Paul Kocialkowski wrote:
I am wondering what the best way to solve this would be.
..
- Having larger fonts for hi-dpi displays
This should be the top priority, because it provides the best user experience. (Ie. it looks the best.)
- Scaling the font to reach a particular DPI (e.g. based on the physical screen size reported from the EDID)
This is a great fallback solution which will make sure that a font is *always* available. As others wrote, upscale only once during init. If upscaling fails for whatever reason, fallback to the fallback is to simply use the 8x16 font as-is. Better small text than no text.

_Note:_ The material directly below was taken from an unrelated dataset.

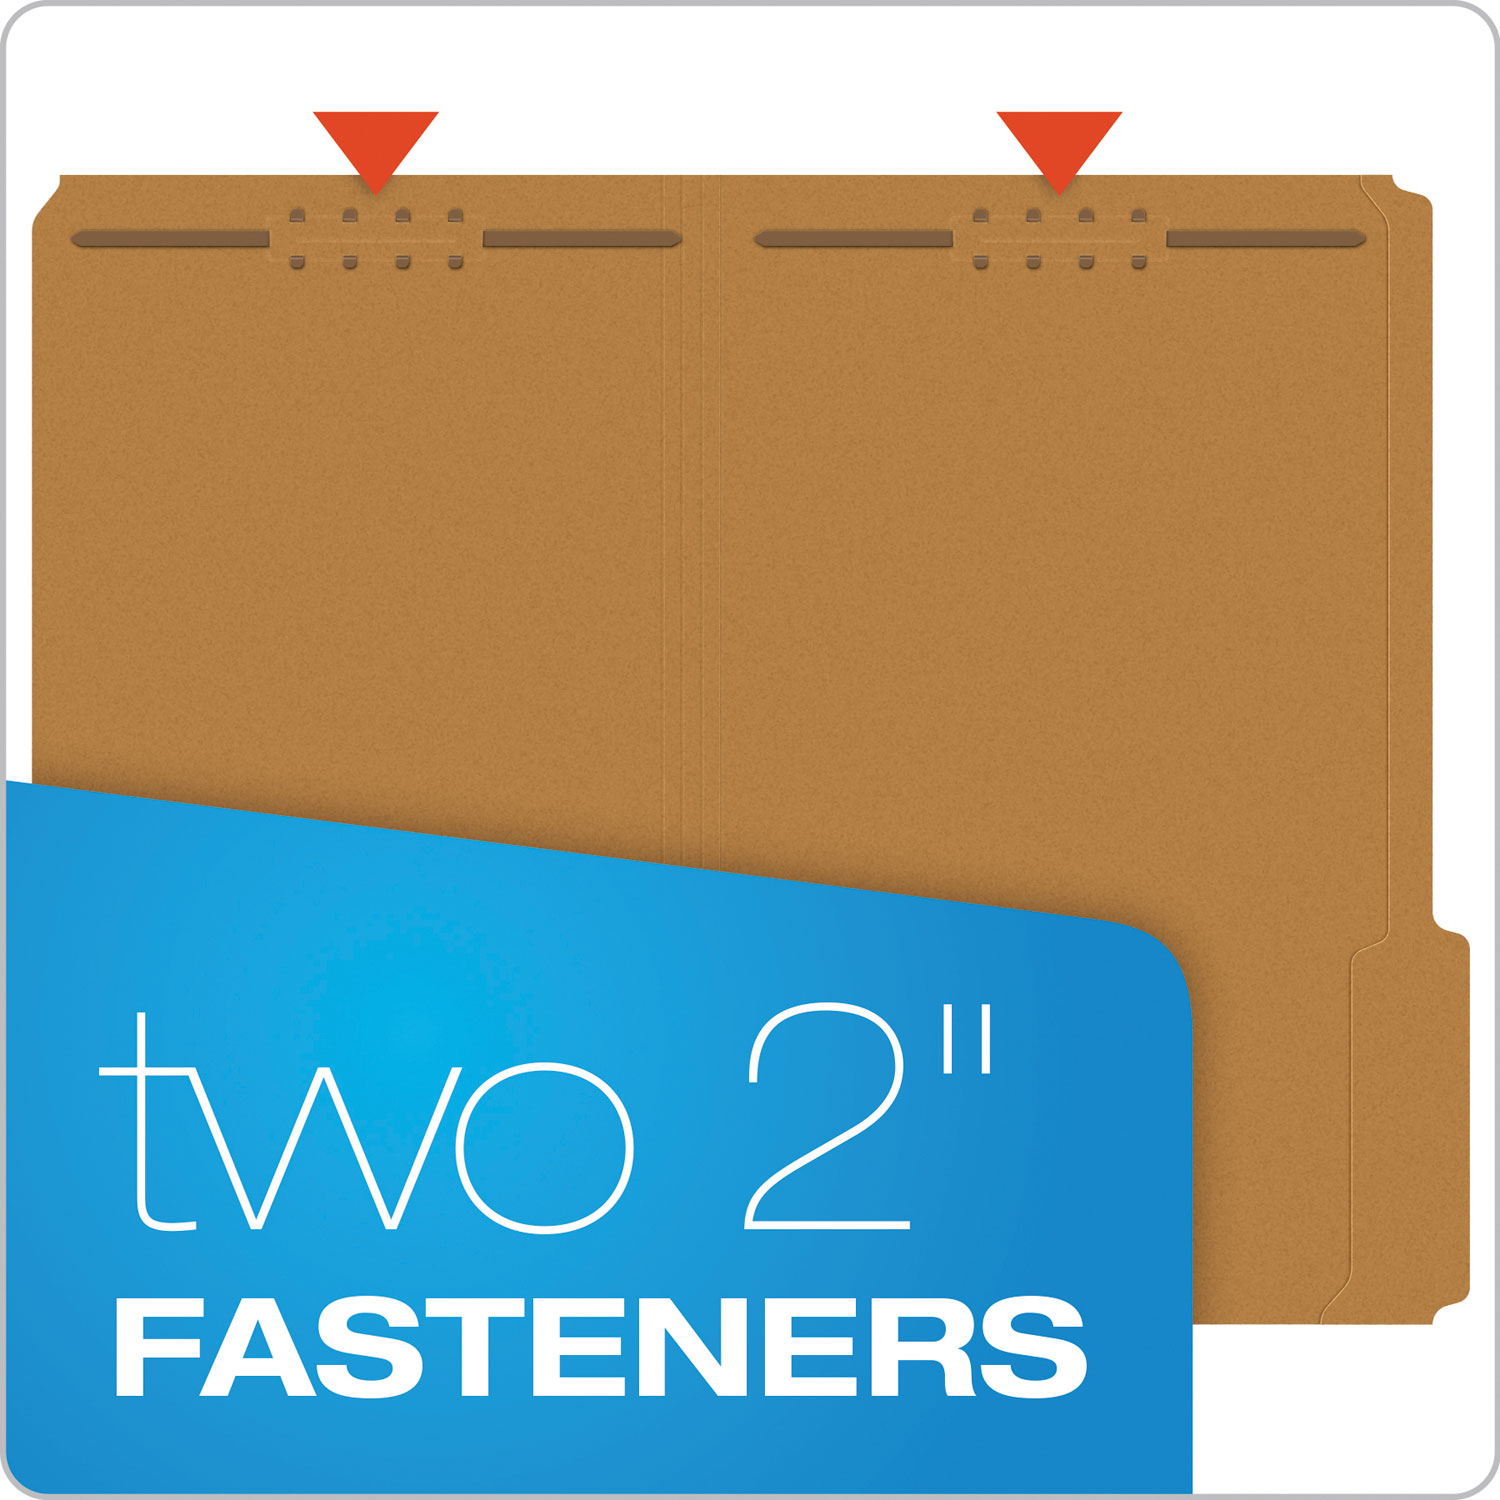 50 Per Box Manila Letter Size Center Positions in Left Right FM213 2 Fasteners 1/3 Cut Tabs Pendaflex Fastener Folders

- Reducing the resolution, by optionally providing a preferred one from the config
I consider this an unacceptable alternative. Not only is it unreliable (it may not always work) but even more importantly it is likely to provide a worse user experience (uglier scaling) than upscaling the font, when the panel driver does scaling at all, otherwise the result will be as Patrick described; black border around small part of panel.
Among these, which ones do you think is the way to go?
Panels only have one native resolution, and that one is what they are optimized for. It's a bad idea to try to use anything else. Use hardware the way it was optimized for to get the best possible user experience - "less than best possible user experience" isn't a great goal.
I think the question is also whether we want a generic way to handle this
Yes, please. This is not unique to any device, but has been a generic problem since the VGA BIOS was invented.